After thinking about this for a while, you decide to just send your friend the code to encrypt your message along with the message. Your friend is very smart, so they can probably figure out how to decrypt the message by studying the encryption method.

Of course, since other people might be reading the message, you want to choose an encryption scheme that makes it as hard as possible to crack (figure out the decryption scheme).

Cops' Task

In this challenge, Cops will play the role of the writer: you will design an encryption scheme that converts strings to strings. However, this encryption scheme must be bijective, meaning that no two strings must map to another string, and every string can be mapped to by an input. It must take only one input—the string to be encoded.

You will then post some code that performs the encryption, and a single message encrypted with the scheme detailed by your code.

Since you are paying by the byte to send messages, your score will be the length of your code plus the length of the ciphertext.
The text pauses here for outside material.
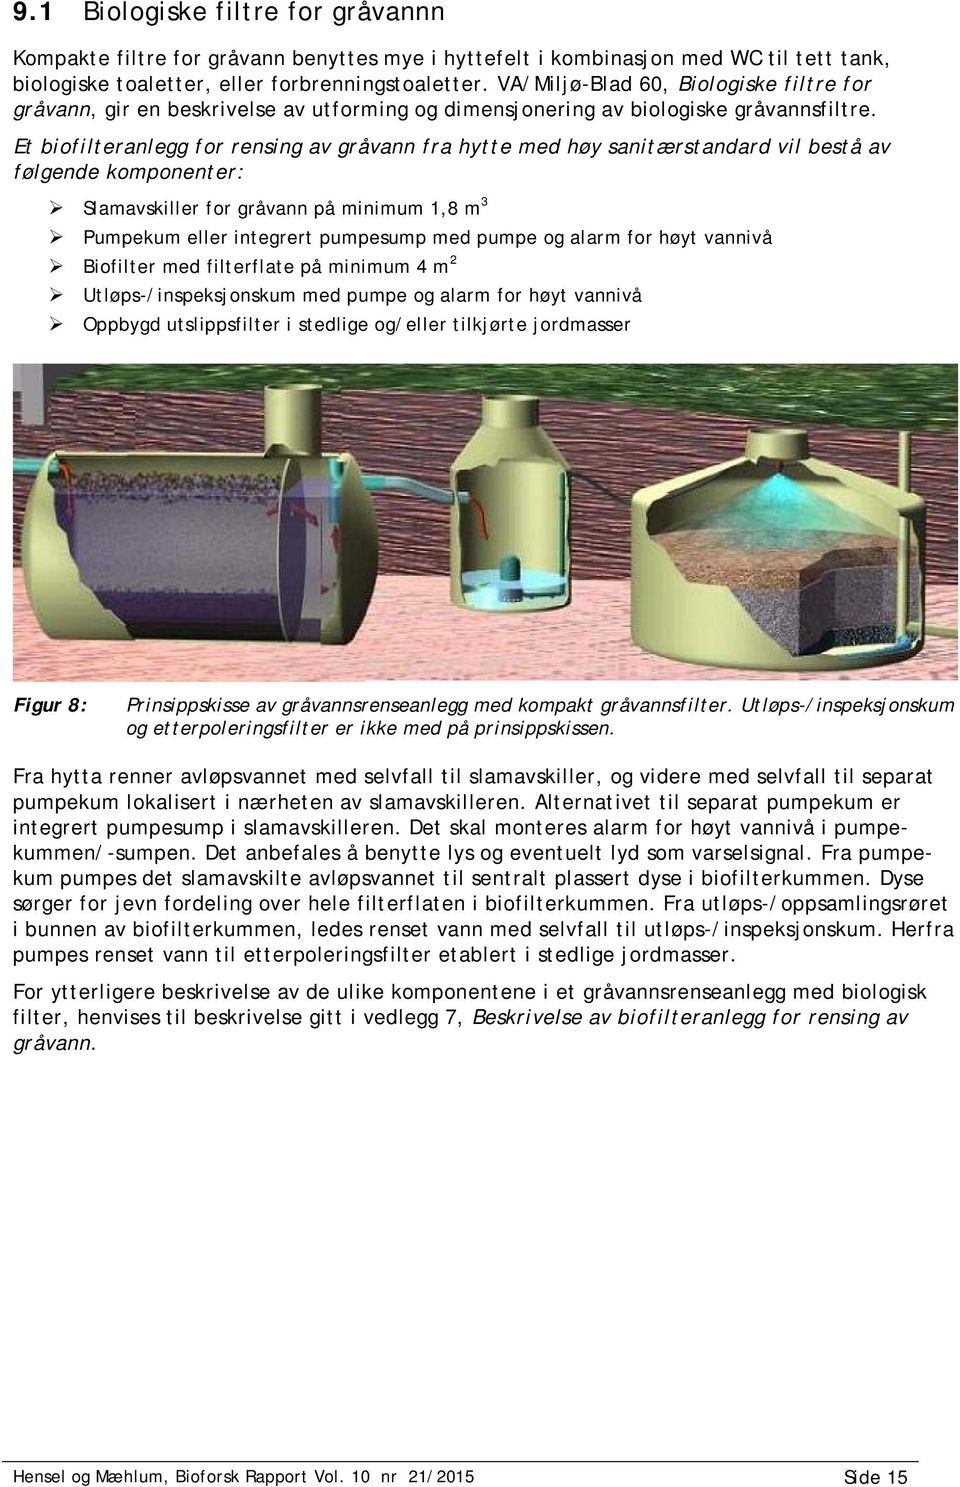 Et biofilteranlegg for rensing av gråvann fra hytte med høy sanitærstandard vil bestå av følgende komponenter: Slamavskiller for gråvann på minimum 1,8 m 3 Pumpekum eller integrert pumpesump med
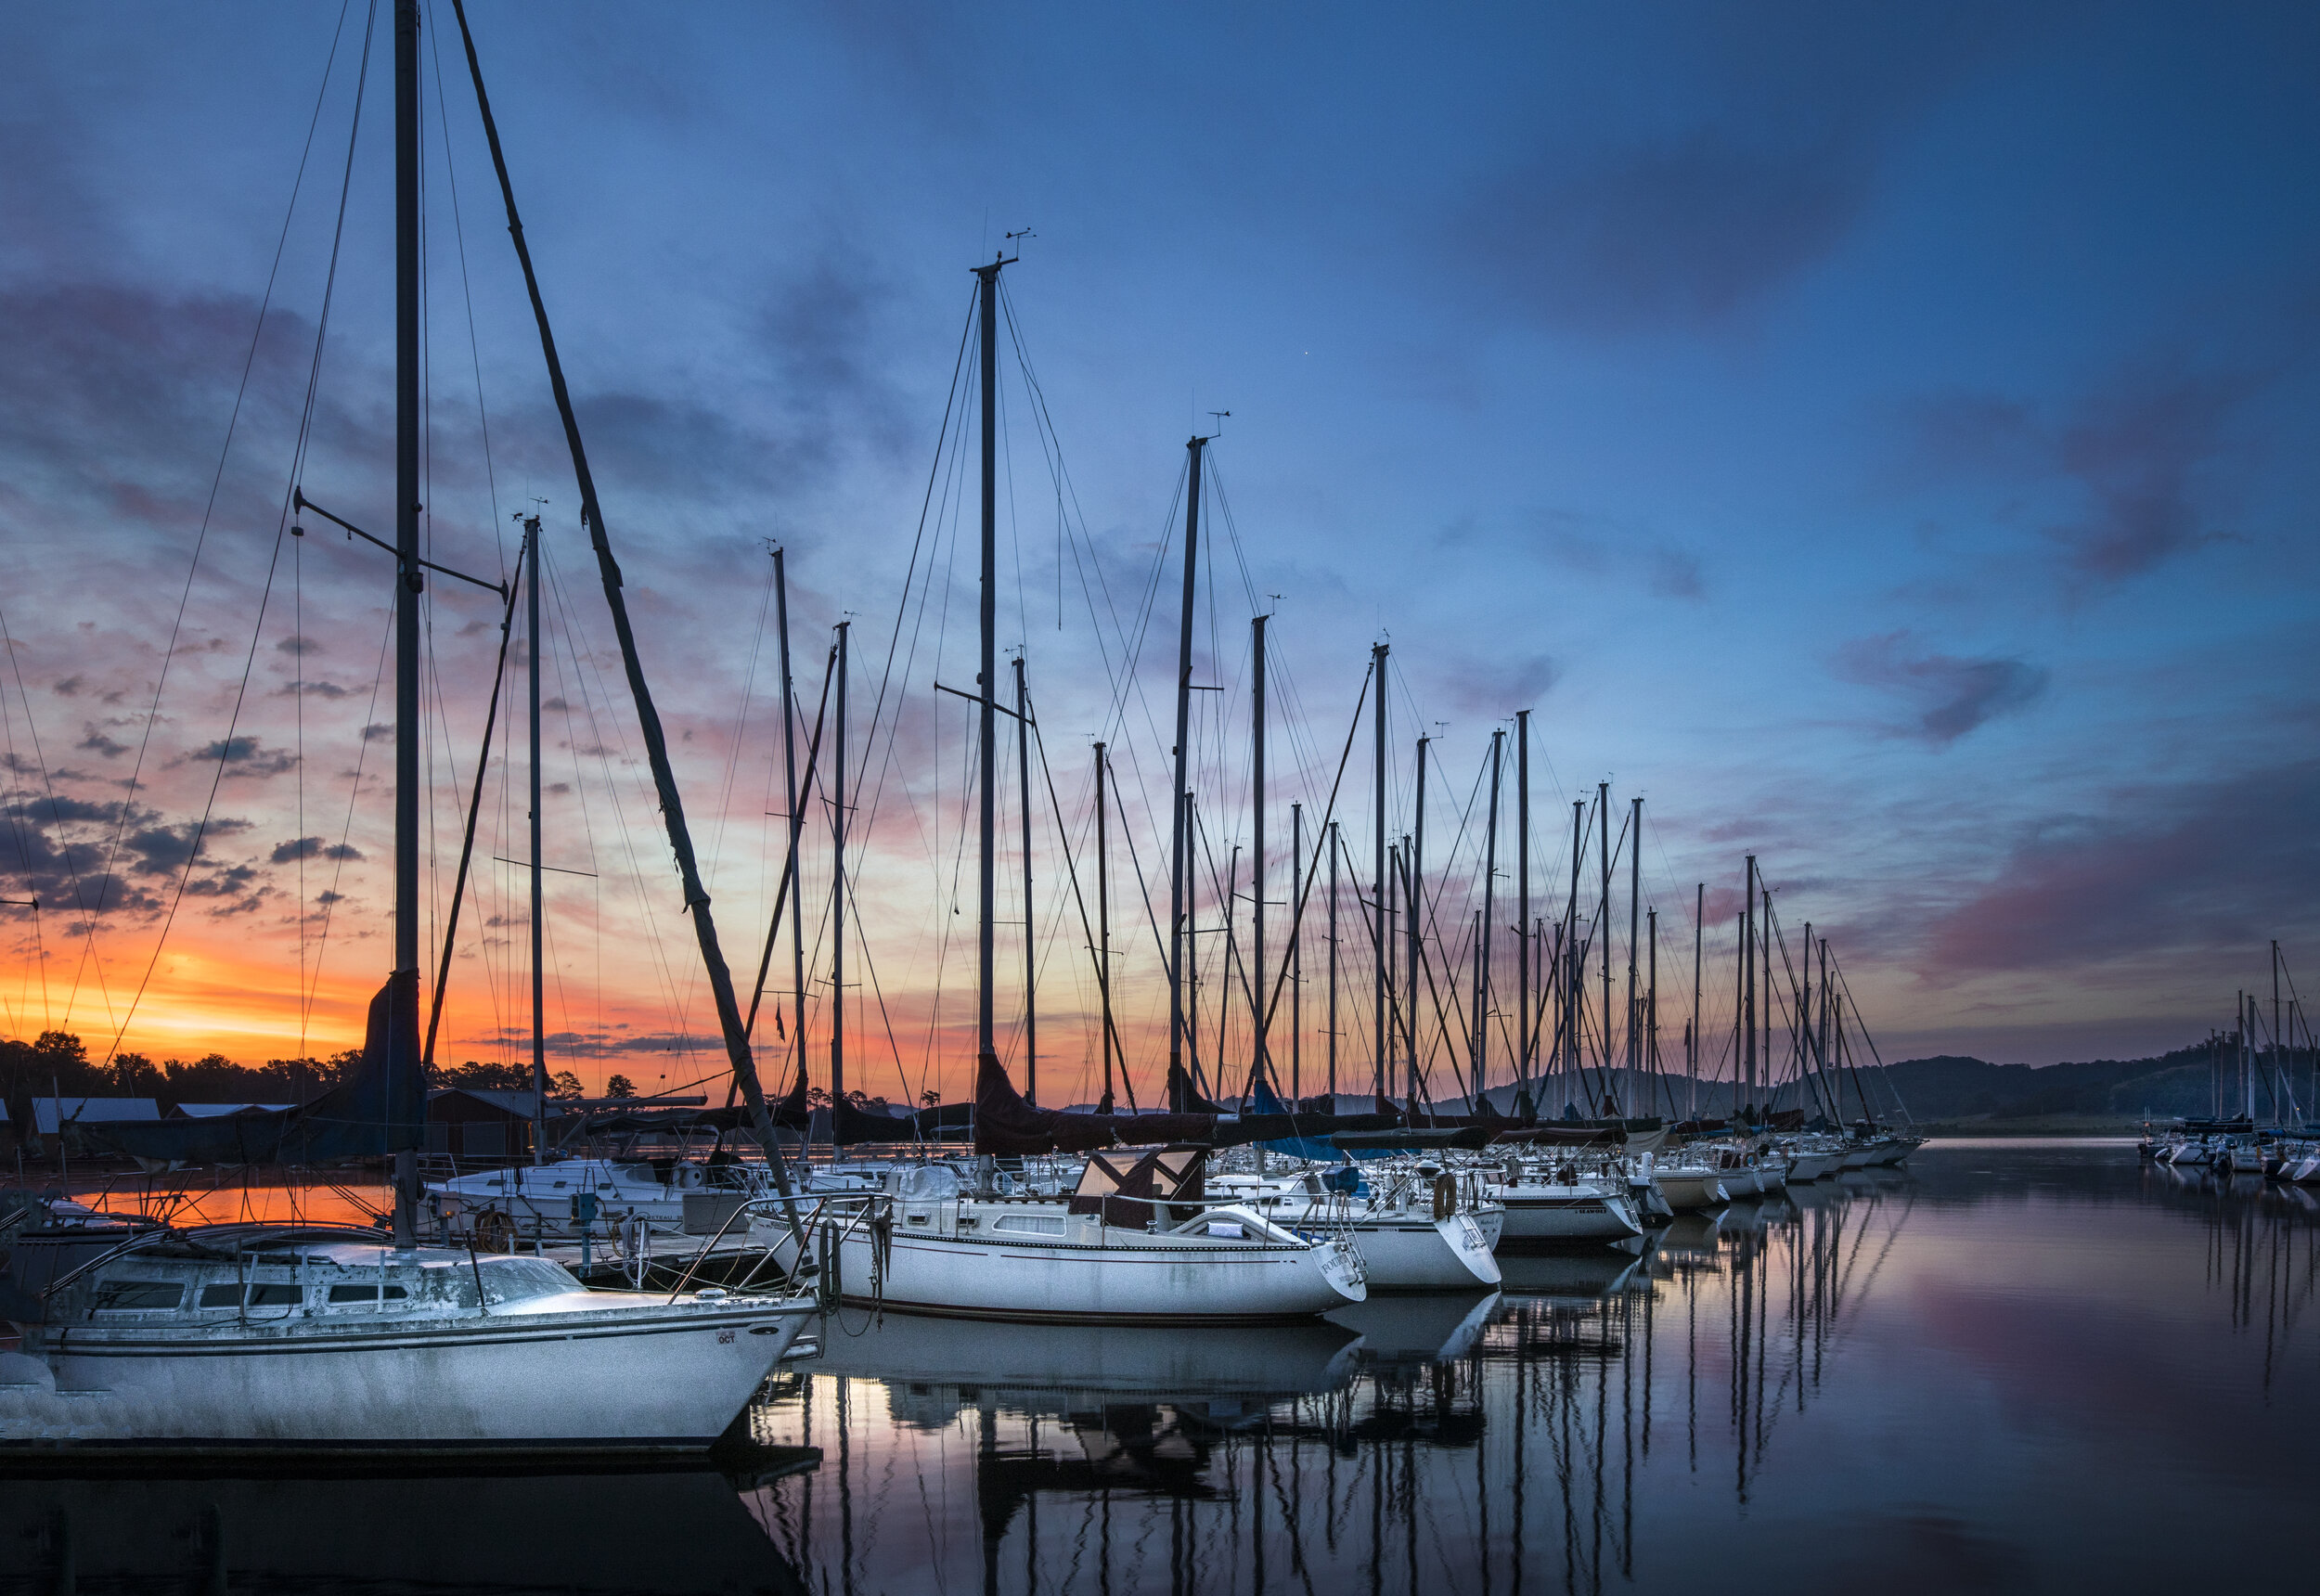 sailboats at sunset by john sharp 2020.jpg

If your answer is cracked, you will have a score of infinity.

After one week, you may reveal the text and mark your answer as Safe. Safe answers are those that cannot be cracked.

Robbers' Task

Robbers will play either as the friend of the writer or the malicious middle man (there is no material difference, but you can role-play as either if it makes it more fun to do so). They will take the encryption schemes and the ciphertext and attempt to figure out the encrypted message. Once they figure out the encrypted message, they will post it in a comment. (There will not be a separate robbers' thread for this question.)

The winner will be the robber with the most cracks.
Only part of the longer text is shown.